Kajian K3 MPR RI dan Usulan Konsultasi Konstitusional

Dalam rapat tersebut, K3 MPR RI membahas dua agenda utama, yaitu penugasan tambahan dari pimpinan MPR RI terkait putusan MK dan evaluasi terhadap Pasal 2 dan Pasal 3 UUD NRI Tahun 1945 mengenai kedudukan serta kewenangan MPR RI.

Anggota K3 MPR RI yang turut memberikan pandangan dalam rapat tersebut antara lain Andi Mattalatta, Dr. Achmad Farhan Hamid, Prof. Dr. Satya Arinanto, dan Martin Hamonangan Hutabarat.

Diskusi selama dua jam menghasilkan kesimpulan untuk mendorong pimpinan MPR RI menggelar rapat konsultasi dengan DPR, Presiden, dan MK guna membahas opsi constitutional engineering sebagai respons terhadap putusan MK.

"MPR adalah satu-satunya lembaga negara yang memiliki kewenangan mengubah Undang-Undang Dasar. Maka, sikap atau rekomendasi MPR atas kondisi dilematis ini harus mempertimbangkan kekuatan konstitusional yang dimilikinya," ia mengungkapkan.

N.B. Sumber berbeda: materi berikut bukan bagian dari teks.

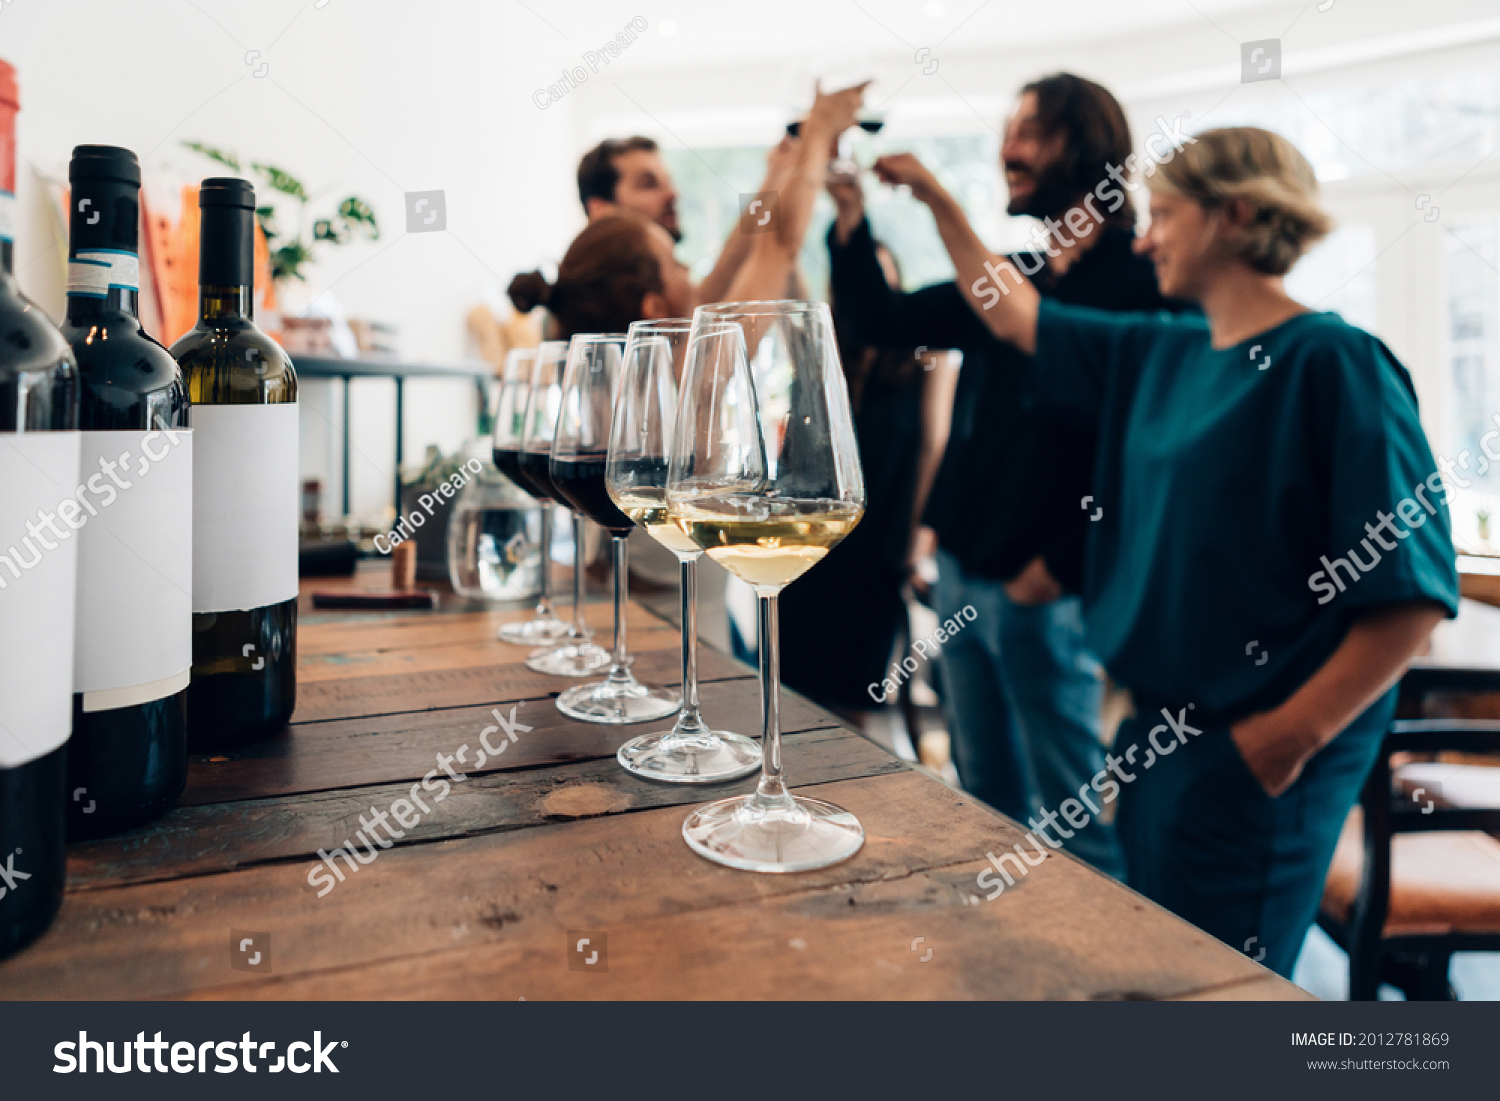 people inside a bar chilling out with a drink - friends talking and drinking in a winery - Millennials toasting at a wine tasting #2012781869
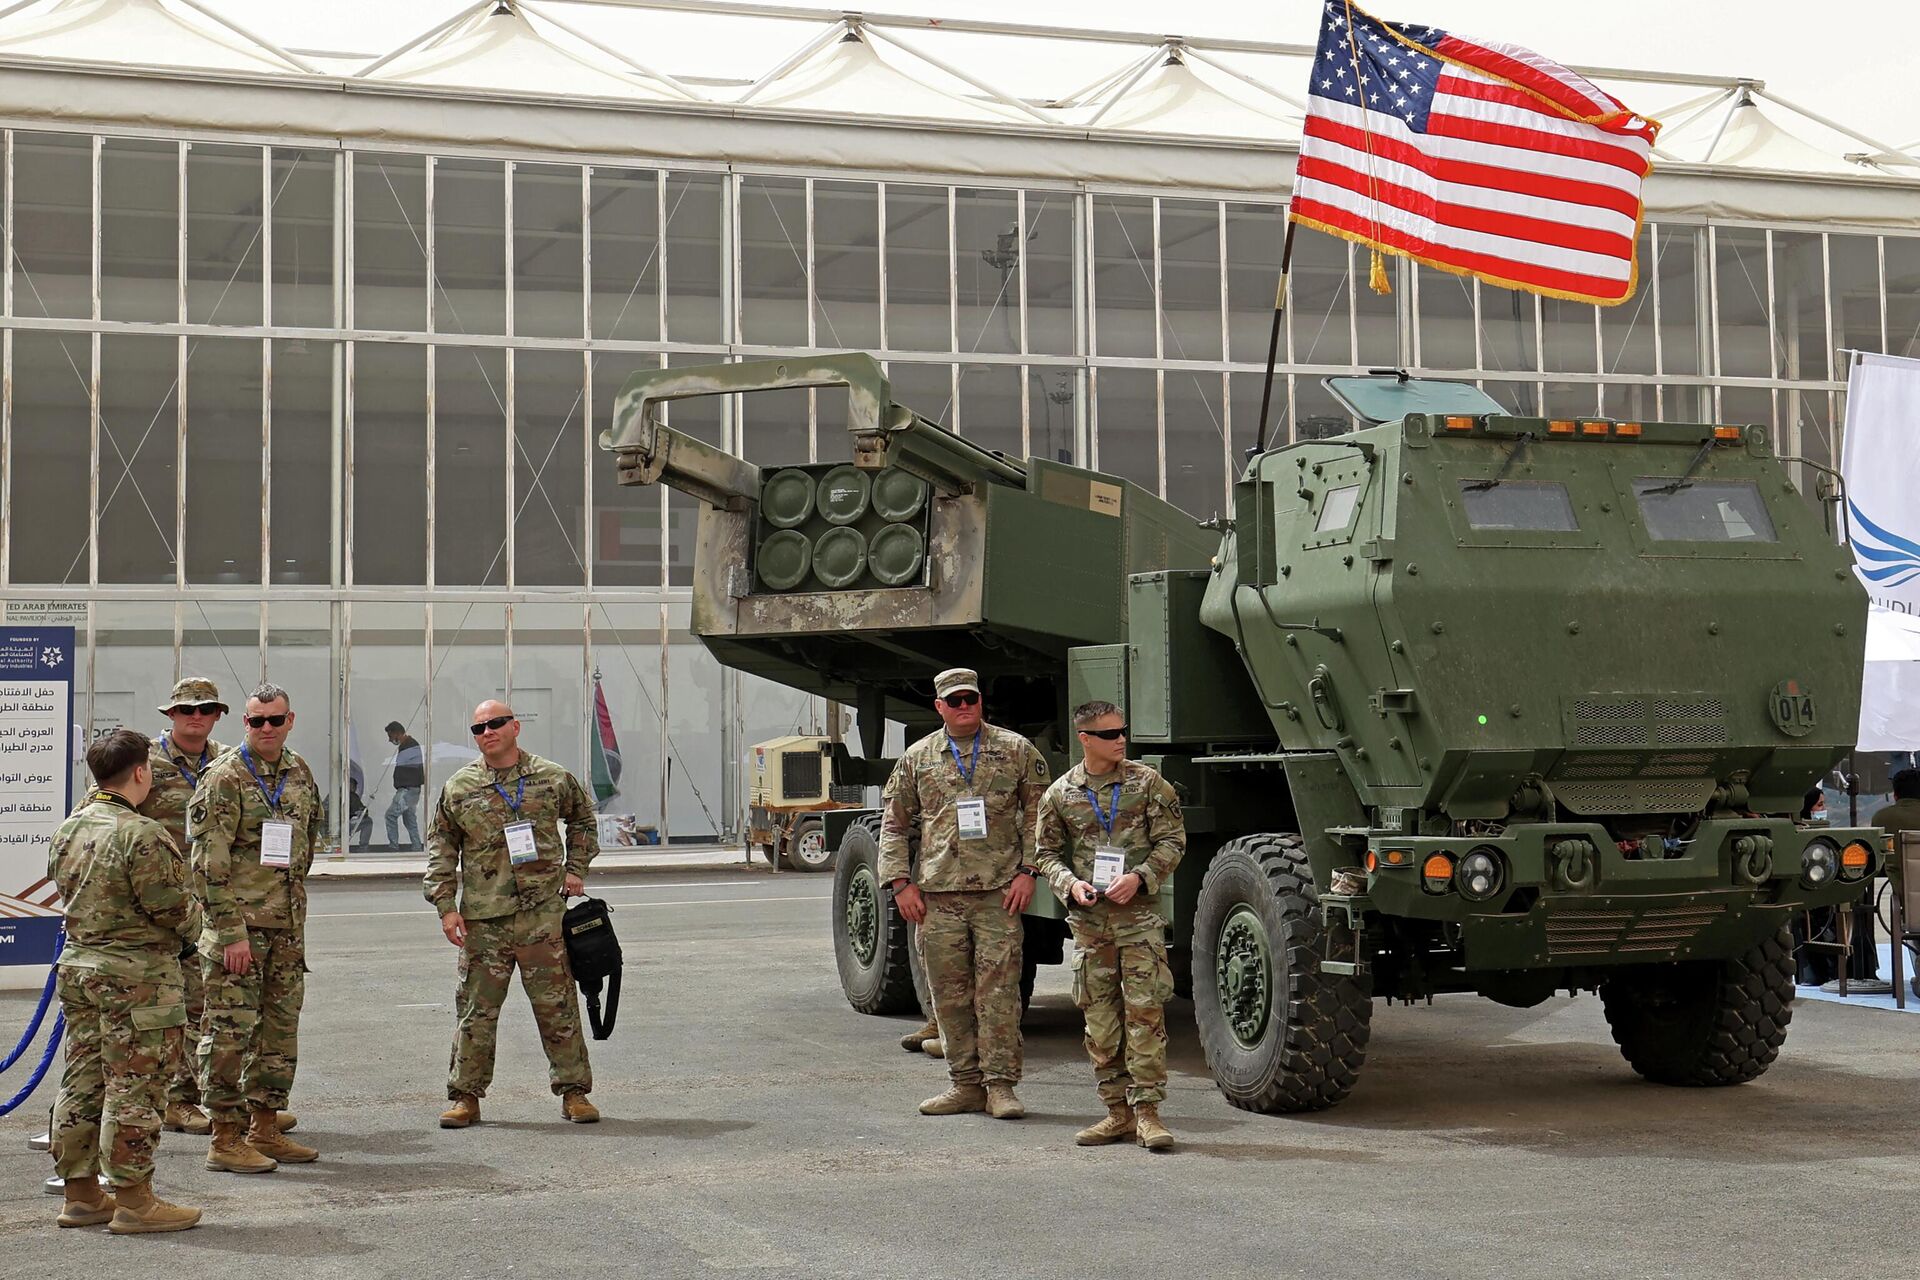 (FILES) In this file photo taken on March 06, 2022 US military personnel stand by a M142 High Mobility Artillery Rocket System (HIMARS) during Saudi Arabia’s first World Defense Show, north of the capital Riyadh. - - Sputnik International, 1920, 01.06.2022

K3 MPR RI juga menyiapkan sejumlah poin untuk menghadapi berbagai skenario, termasuk kemungkinan adanya gugatan ulang, penerbitan Peraturan Pemerintah Pengganti Undang-Undang (Perppu), dan langkah-langkah alternatif lainnya.

Meskipun MPR memiliki otoritas tinggi dalam sistem ketatanegaraan, rapat menyimpulkan bahwa tanggung jawab utama tetap berada di tangan DPR.

Karena itu, MPR RI diharapkan mengambil posisi strategis dengan membuka ruang diskusi dan memberikan opsi bagi DPR serta lembaga negara lain.

"Nantinya, keputusan akan ditentukan berdasarkan opsi-opsi yang disepakati dalam forum konsultasi," ujar Taufik Basari.

Hasil akhir dari kajian ini akan menjadi masukan resmi MPR RI dalam menghadapi dinamika konstitusional pasca-putusan MK.

Diskusi kajian ini juga diharapkan menghasilkan rumusan pandangan kelembagaan yang komprehensif sebagai dasar pertimbangan strategis MPR RI dalam merespons dinamika ketatanegaraan nasional.